I'm talking about logical consistency between beliefs. Why do we care about this? Exposing inconsistency is a standard move in many an ethical argument. Take the debate about abortion, for instance. A standard argument for viewing abortion as immoral is that it is essentially no different from infanticide, which, as it is the premeditated killing of an innocent human being, meets the definition of murder. Note the form of the argument: if you think murder is wrong, then, to be consistent, you should think infanticide is wrong, in which case, to be consistent, you should think that abortion is wrong. On the other side, a common justification for permitting abortion rests on the idea that a woman has property rights over her own body. Essentially, the argument runs: if you agree that a woman's body is her own property, then consistency requires you to accept that she can do with it as she pleases, and if you agree that the fetus is a part of her body, then consistency requires you to accept that she can do as she pleases with the fetus.

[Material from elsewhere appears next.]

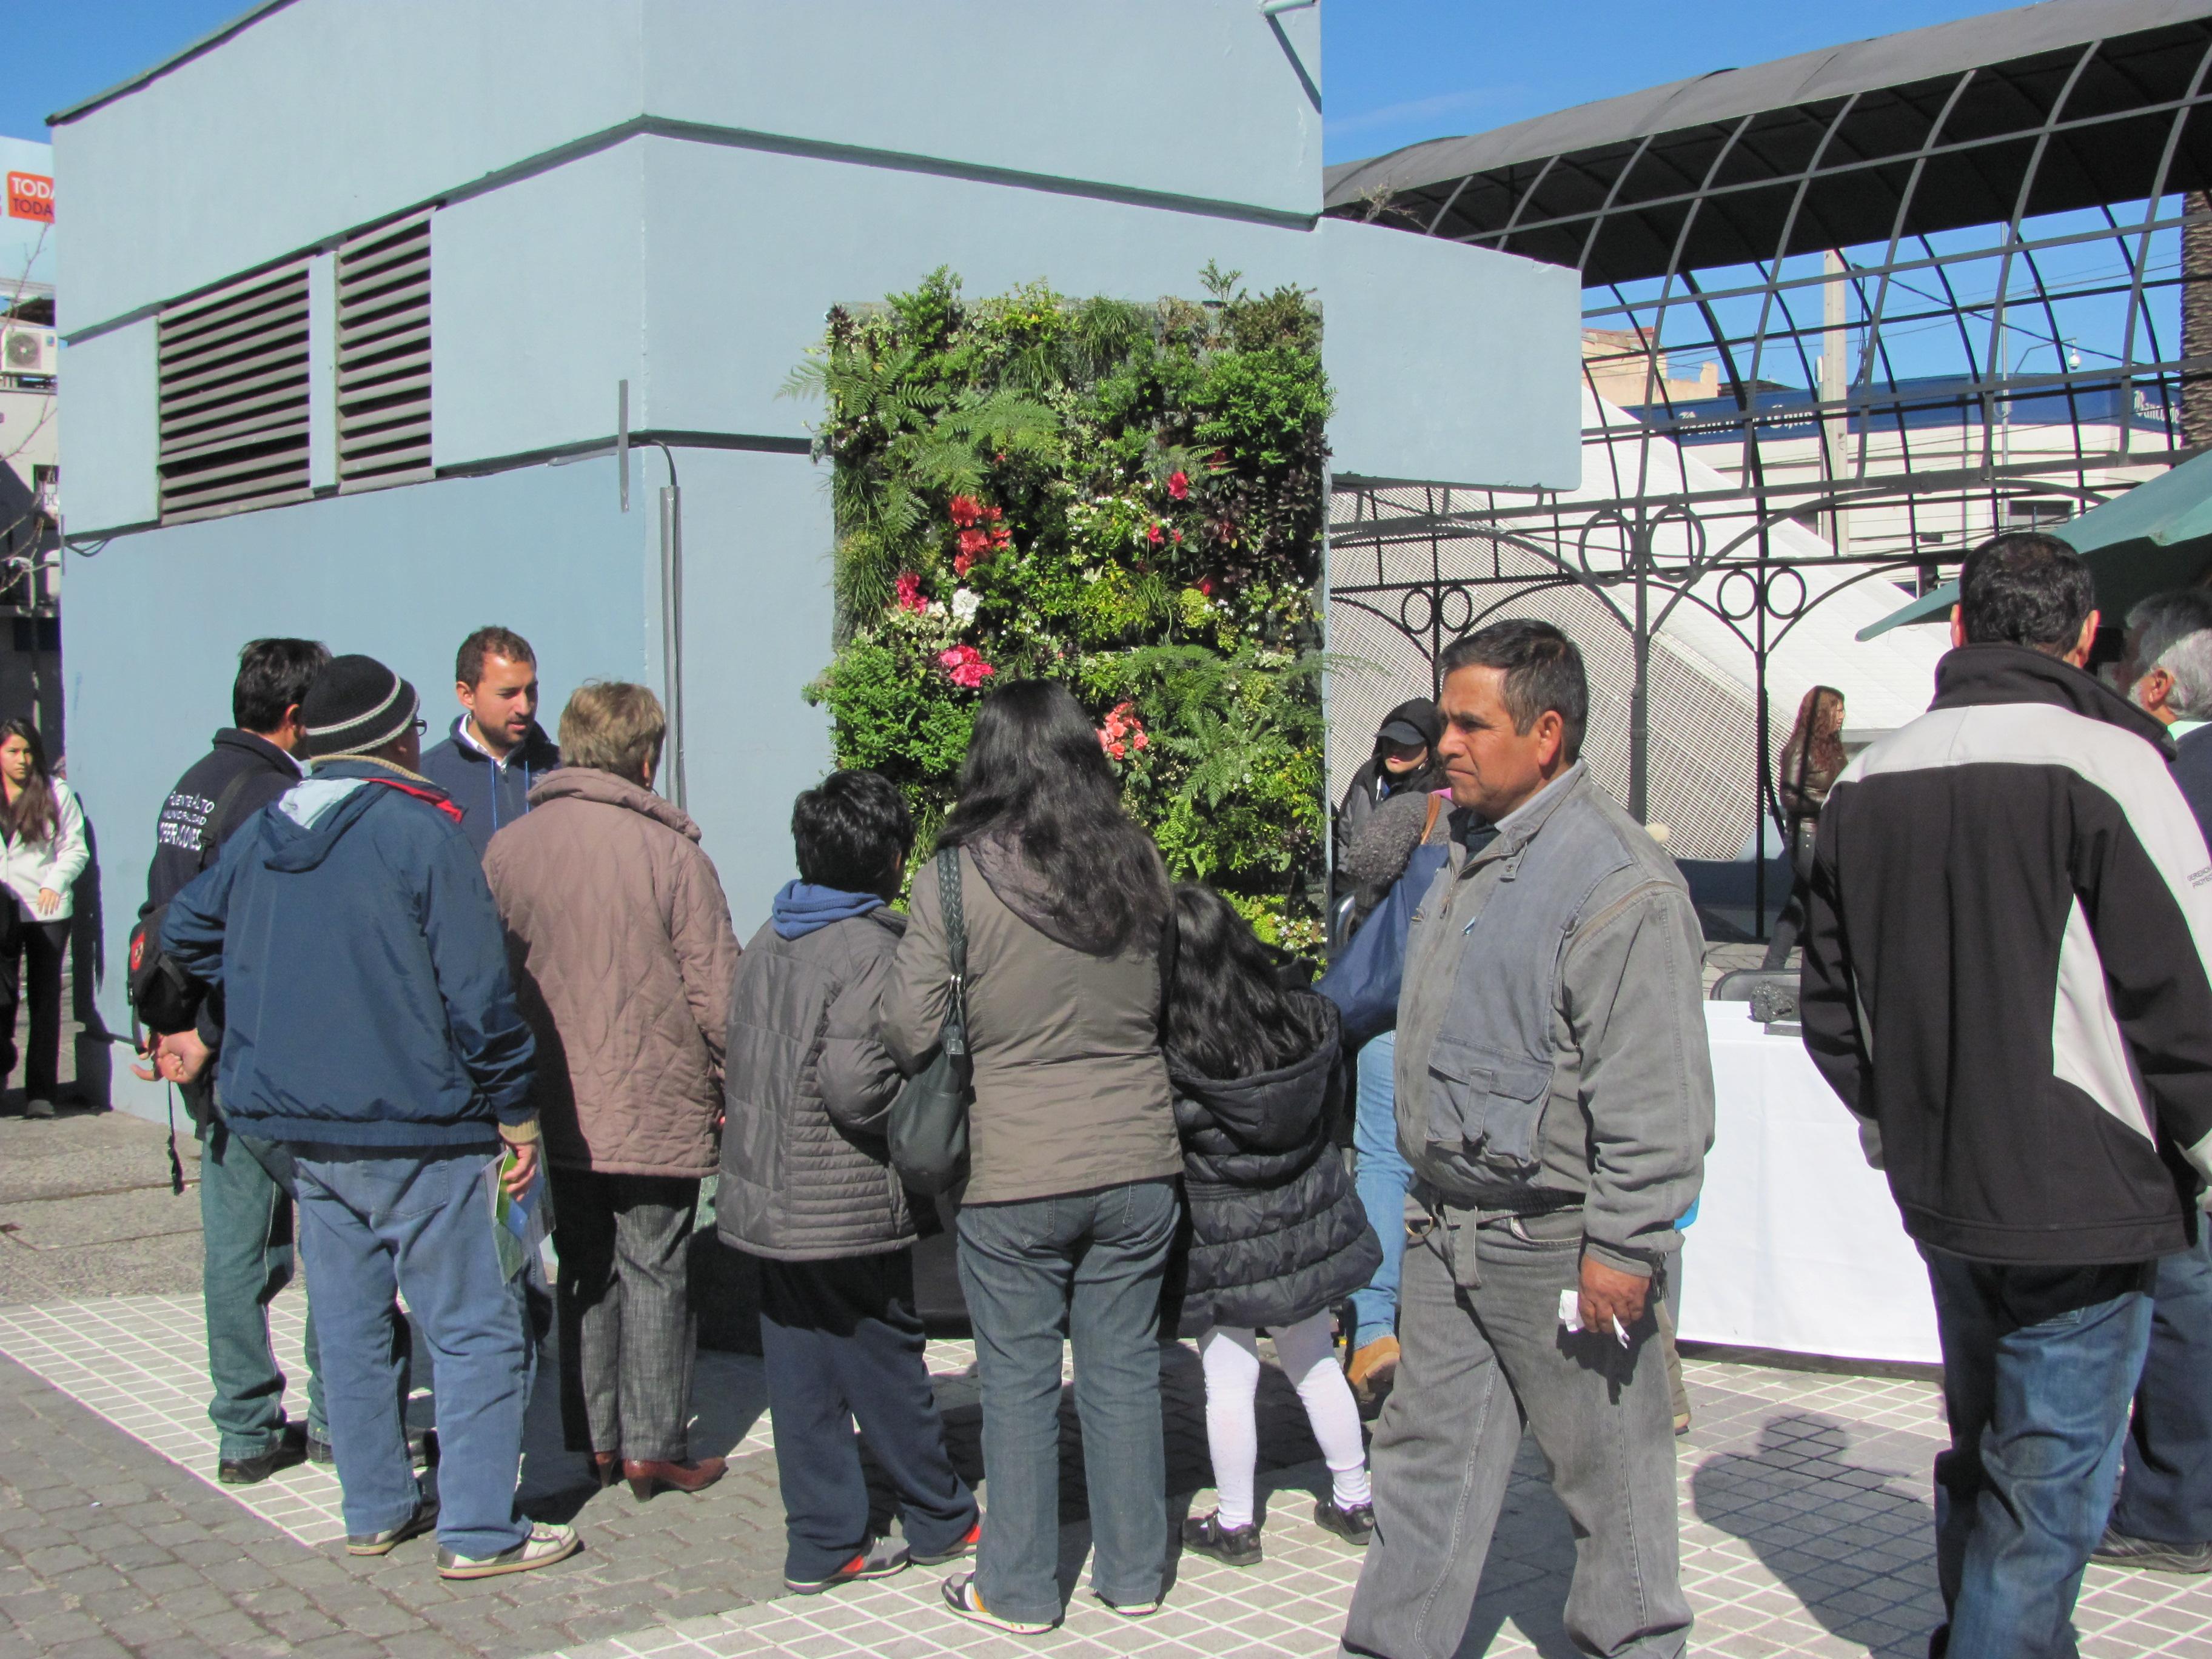 Ecoferia Puente Alto

Or take Peter Singer's well-known argument for why all of us who can afford to should give more to help the needy. We all agree it would be wrong to not save someone from drowning just because we didn't want to ruin our shoes. Well, Singer argues, if we think that, then we should also accept that we have a duty to save human lives if we can do so by making similar minor sacrifices–and many of us can do this by donating our disposable income to charity. Whether these lives are close by or far away is irrelevant. Again, the underlying strategy here is an appeal to consistency. If you think x, then you ought, for the sake of consistency, to think y. Many other arguments about moral matters take this form.

But why do we value consistency? In science and in our everyday beliefs about the way things are, there is a straightforward answer. Inconsistent beliefs, taken together, form a contradiction: a proposition that has the form “p and not p.” We assume that reality does not contain contradictions (an assumption first articulated by Parmenides). So we infer that an inconsistent set of beliefs cannot possibly be an accurate description of the way things are.